### Problem requirements
Only the lines from the one bearing "Smile Rainbow 助産院& Photo" through the end of the listing belong in your response, restated word for word and without pictures.

*** Supplied information Section Begins ***

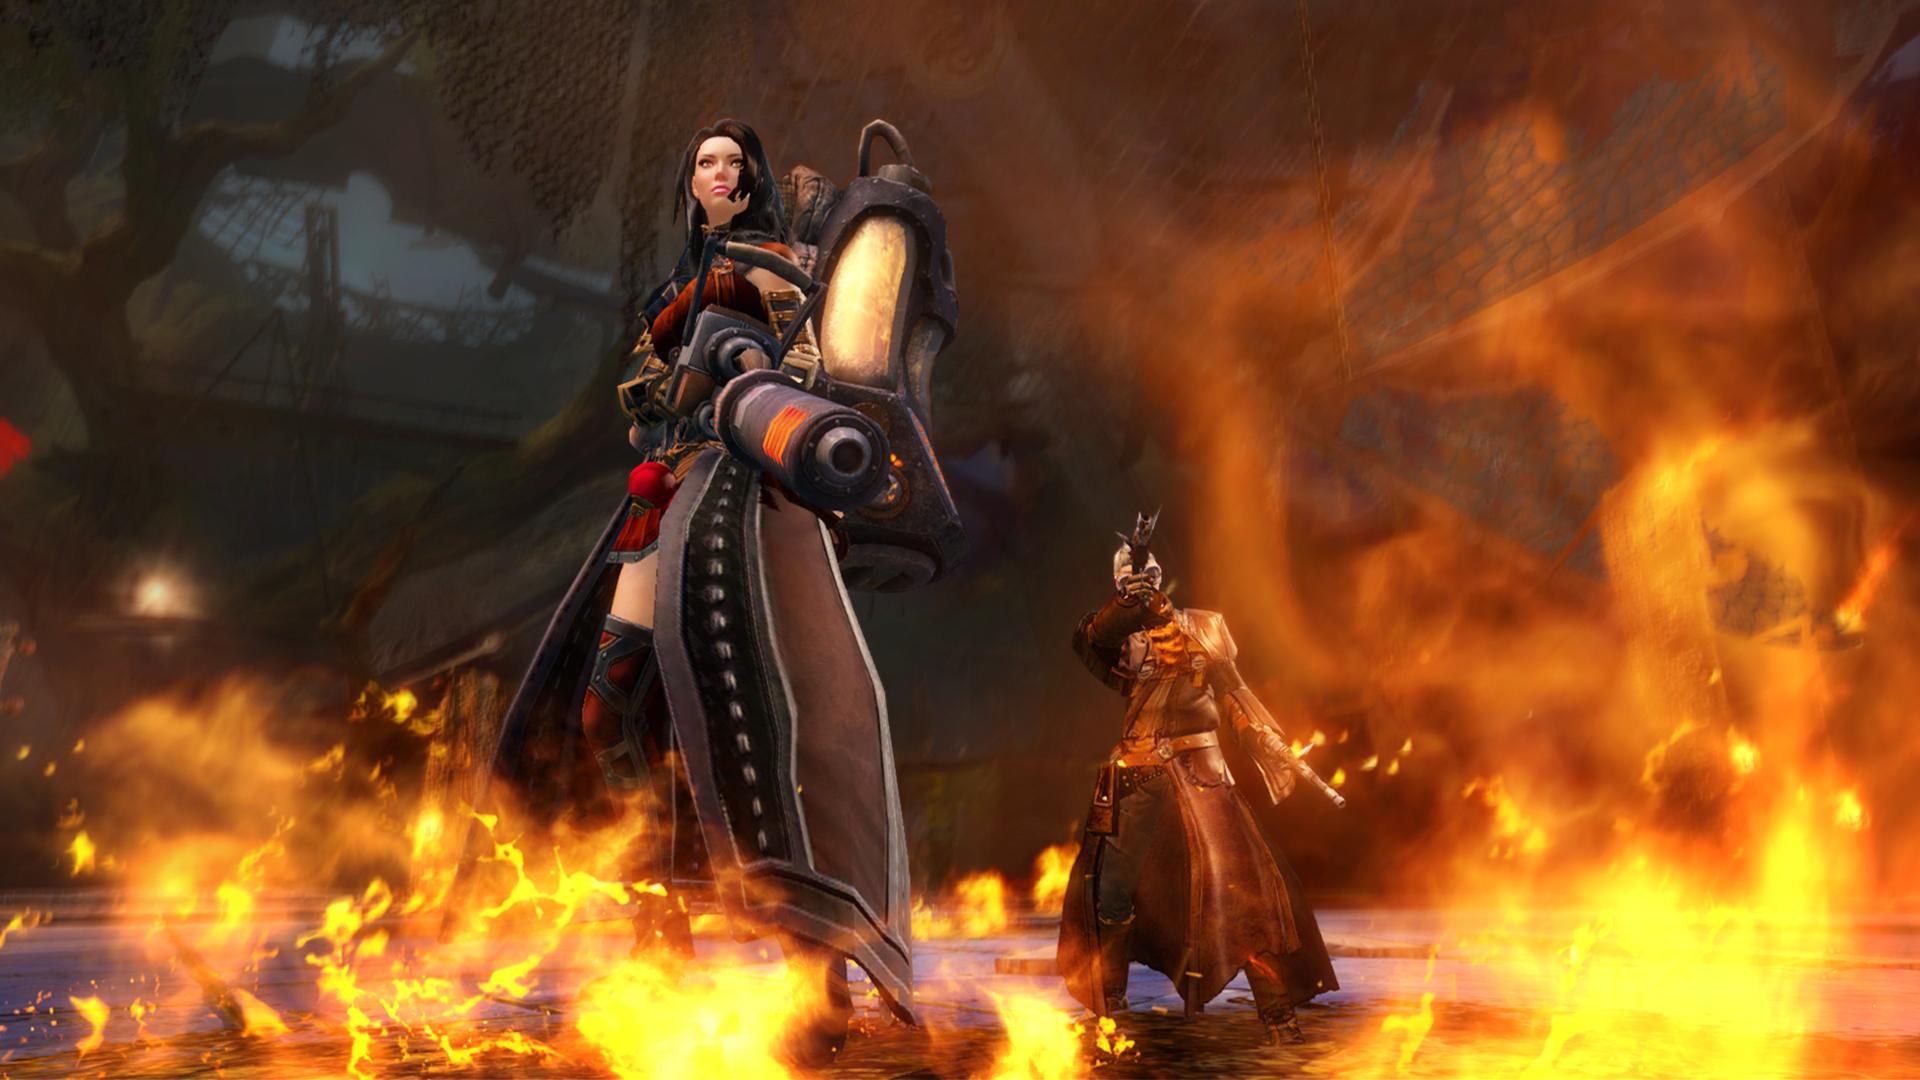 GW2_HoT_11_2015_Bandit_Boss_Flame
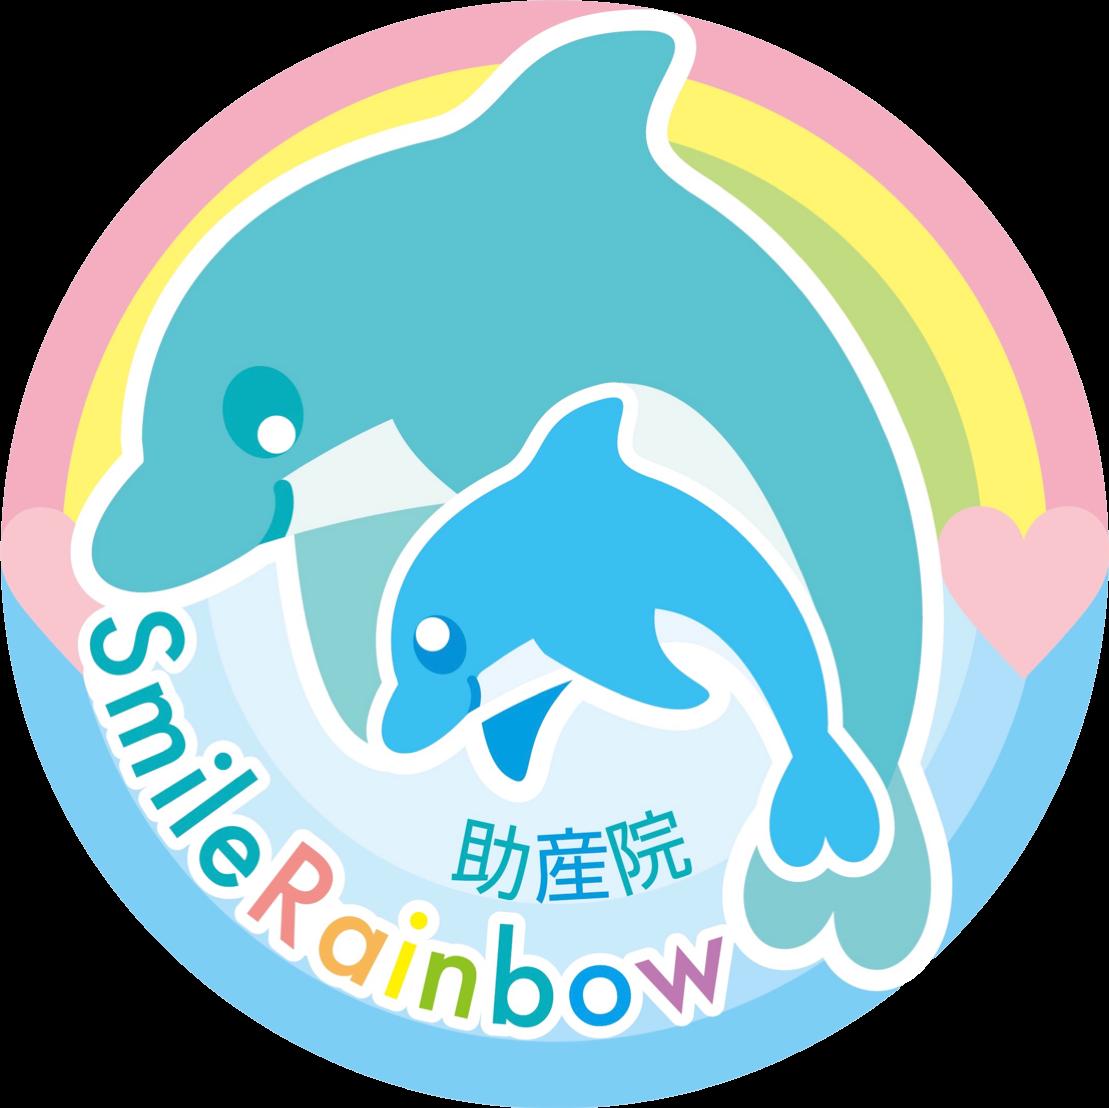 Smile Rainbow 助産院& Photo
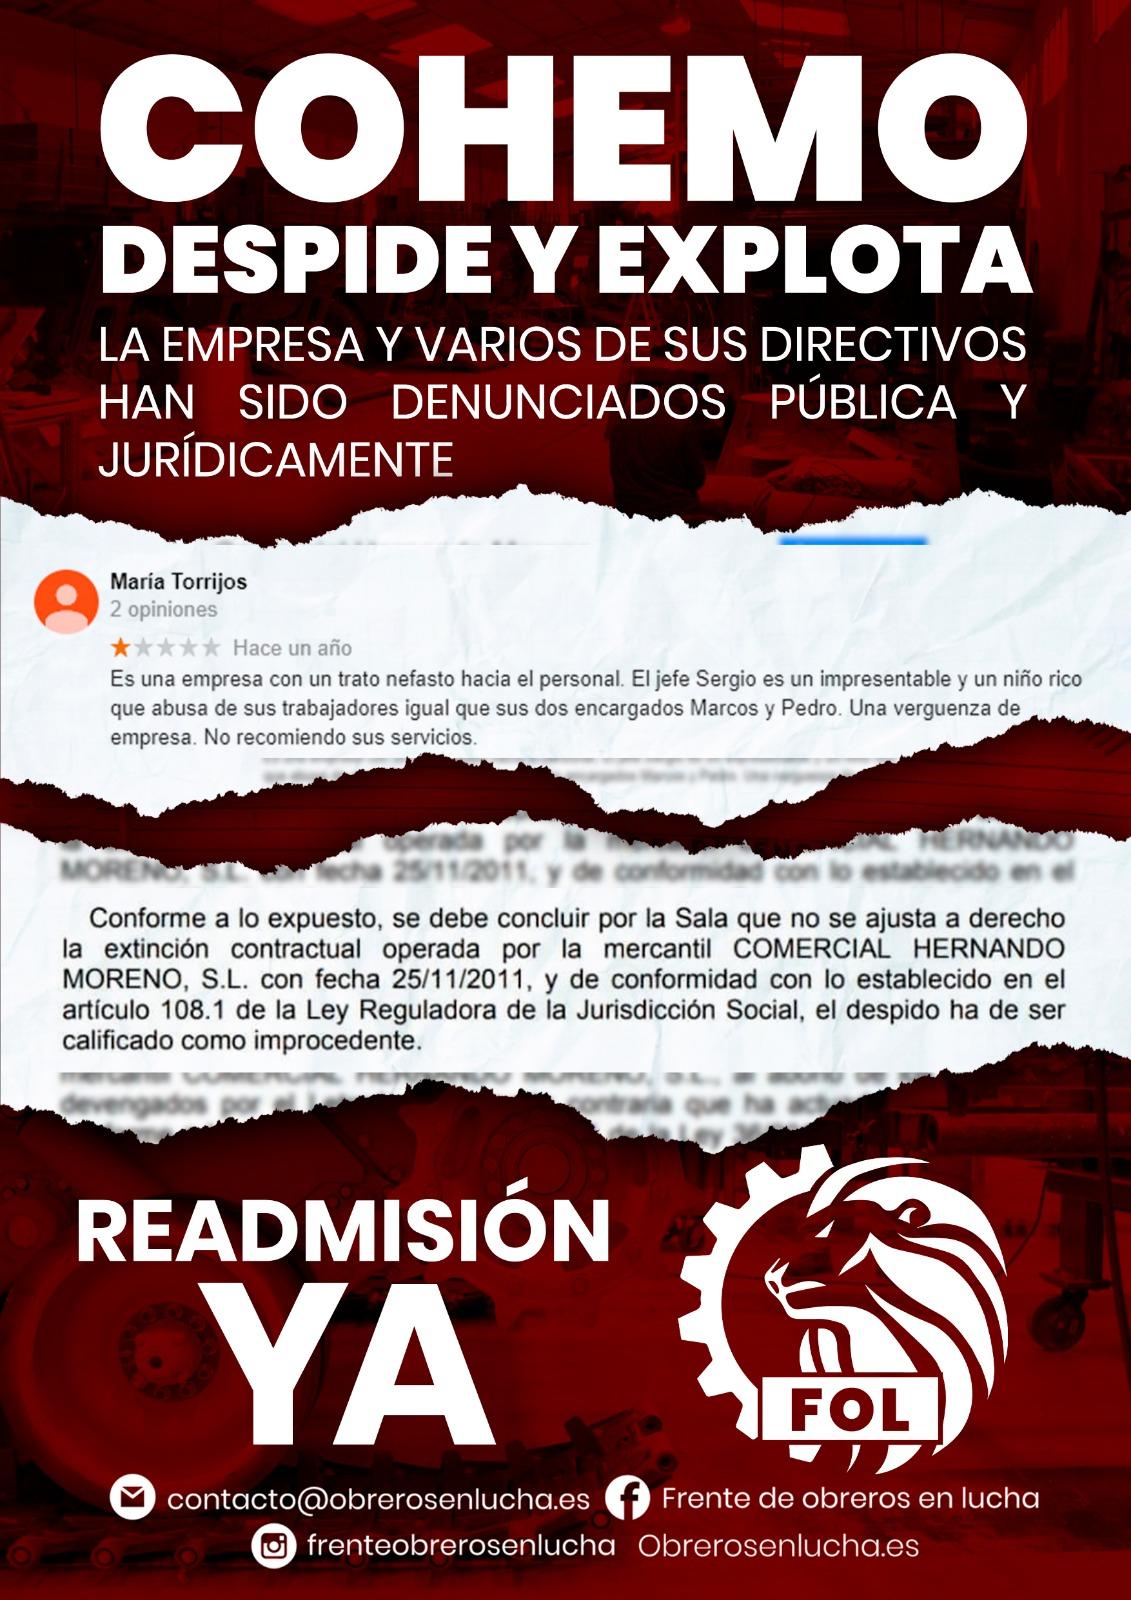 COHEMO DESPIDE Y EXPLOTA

*** Supplied information Section Ends ***

### Solution to the problem
 Smile Rainbow 助産院& Photo
 COHEMO DESPIDE Y EXPLOTA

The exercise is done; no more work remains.